## Dataset section:
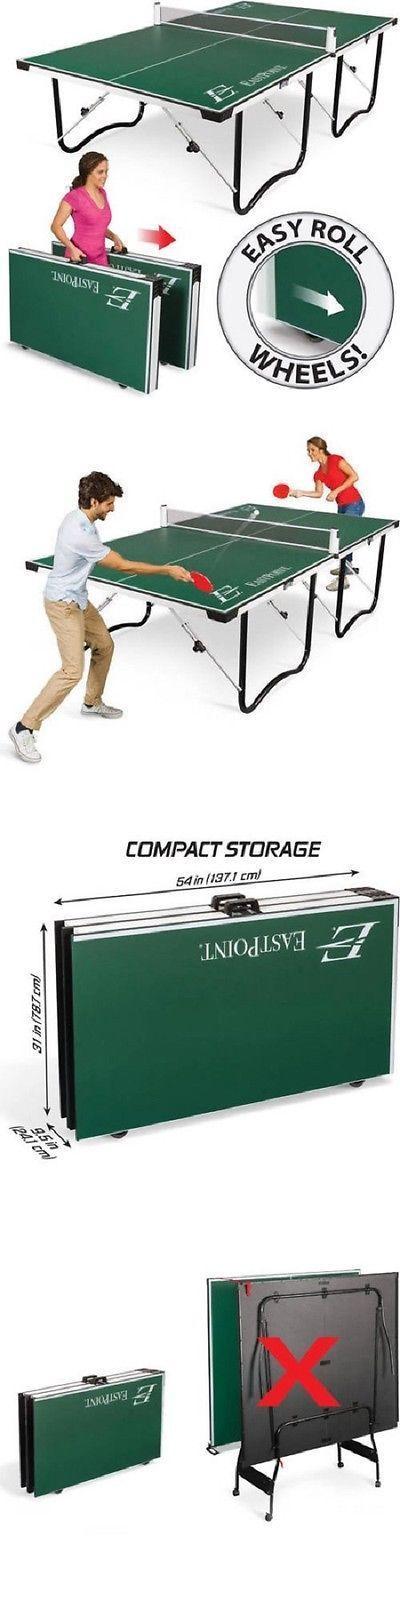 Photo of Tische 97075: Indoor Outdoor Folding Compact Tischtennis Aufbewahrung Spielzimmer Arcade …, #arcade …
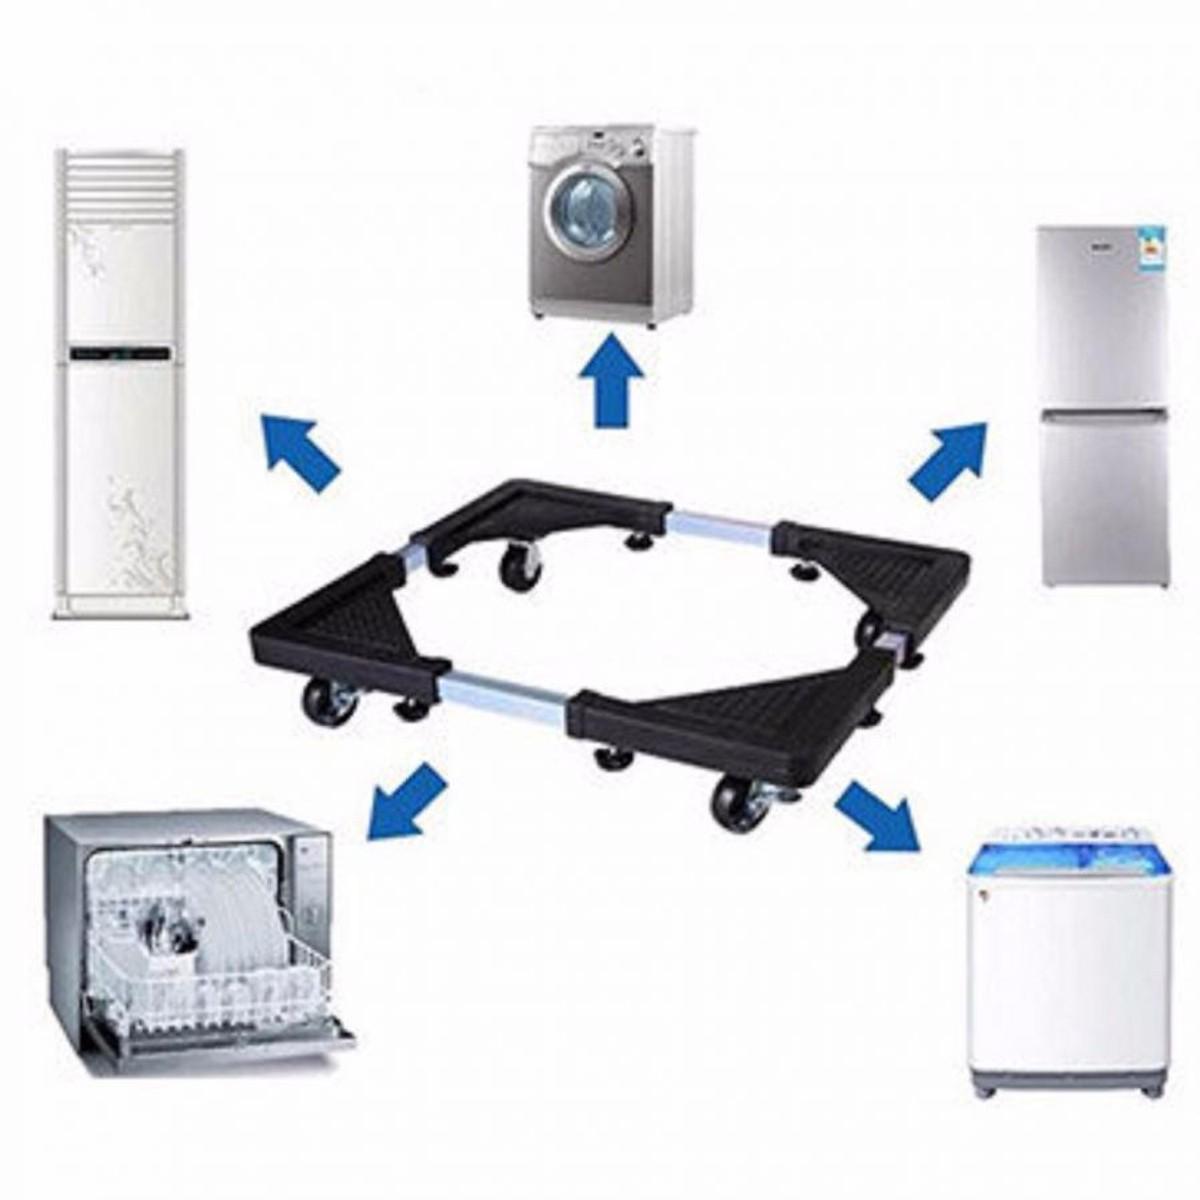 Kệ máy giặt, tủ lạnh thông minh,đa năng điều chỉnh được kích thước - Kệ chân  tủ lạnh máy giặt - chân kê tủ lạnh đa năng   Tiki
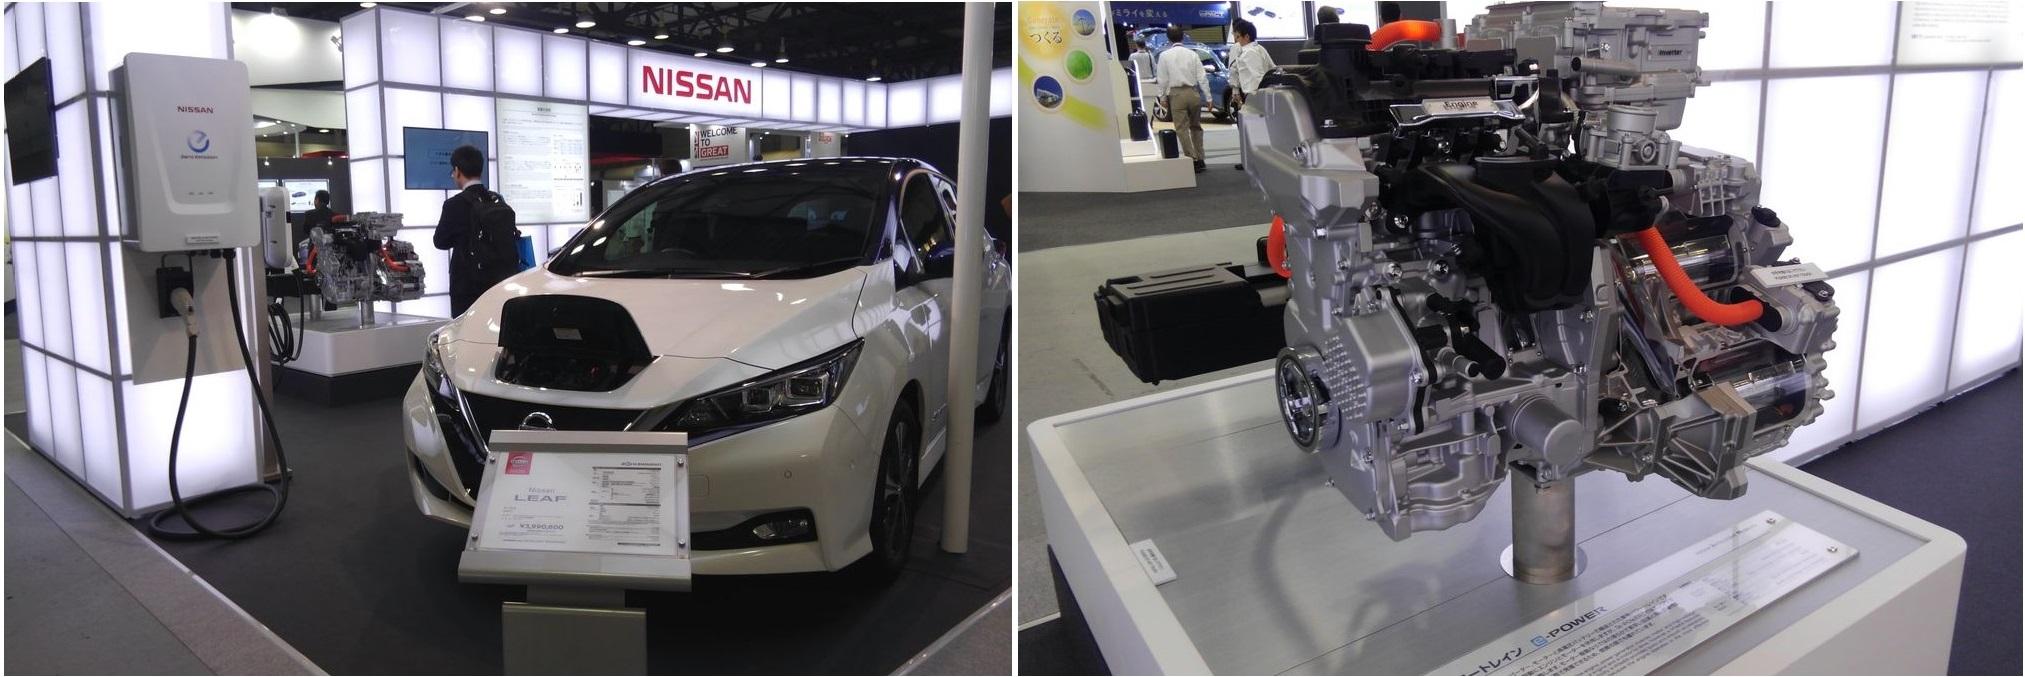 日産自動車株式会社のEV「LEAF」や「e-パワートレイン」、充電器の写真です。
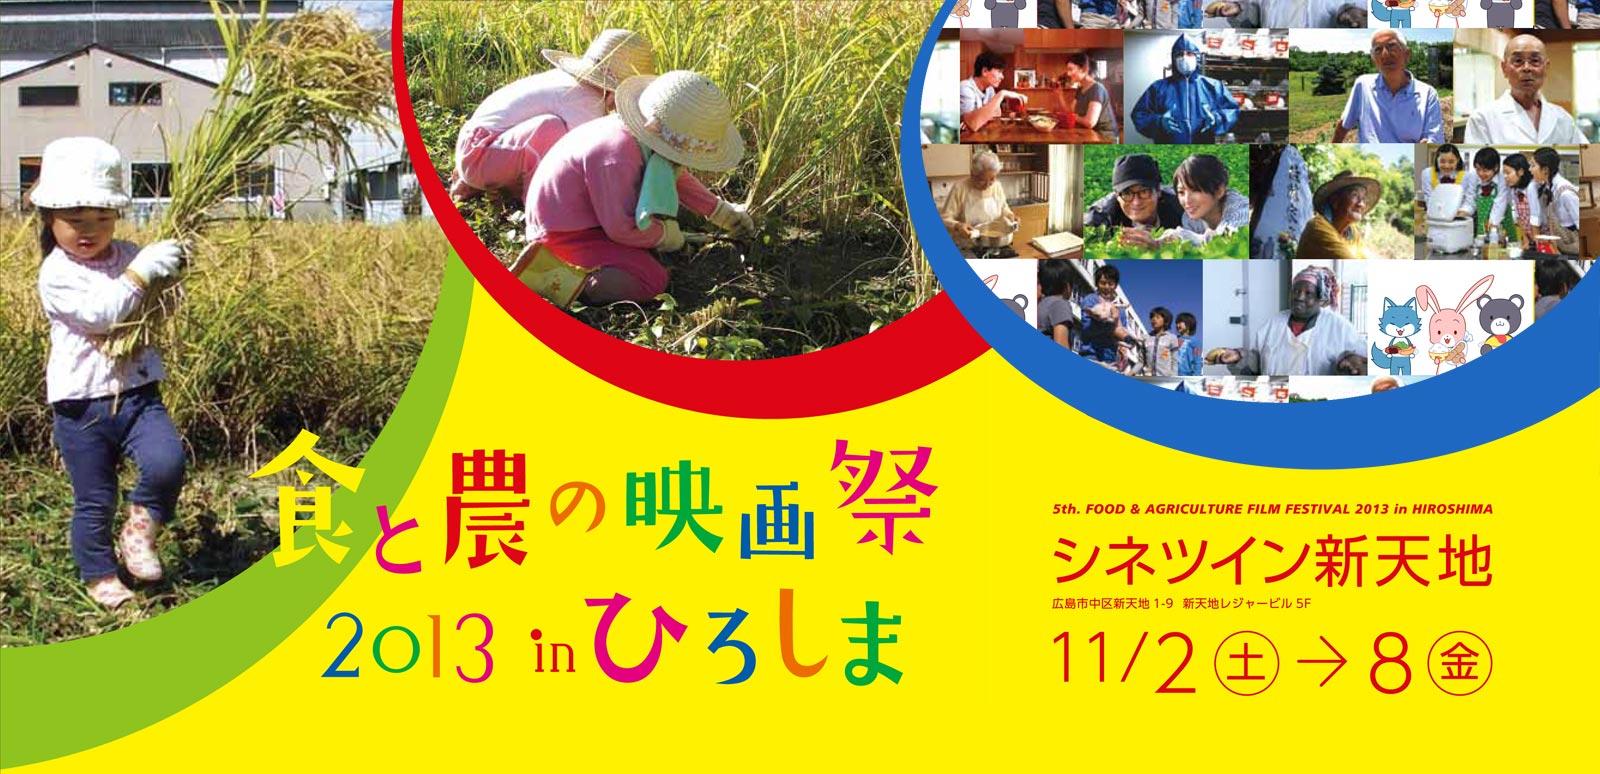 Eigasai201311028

## Description of the task:
Here the job is to quote the lines from the one with "Kệ máy giặt, tủ" through the end of the material, both included, exactly; please skip the pictures.

## Exercise solution:
 Kệ máy giặt, tủ lạnh thông minh,đa năng điều chỉnh được kích thước - Kệ chân  tủ lạnh máy giặt - chân kê tủ lạnh đa năng   Tiki
 日産自動車株式会社のEV「LEAF」や「e-パワートレイン」、充電器の写真です。
 Eigasai201311028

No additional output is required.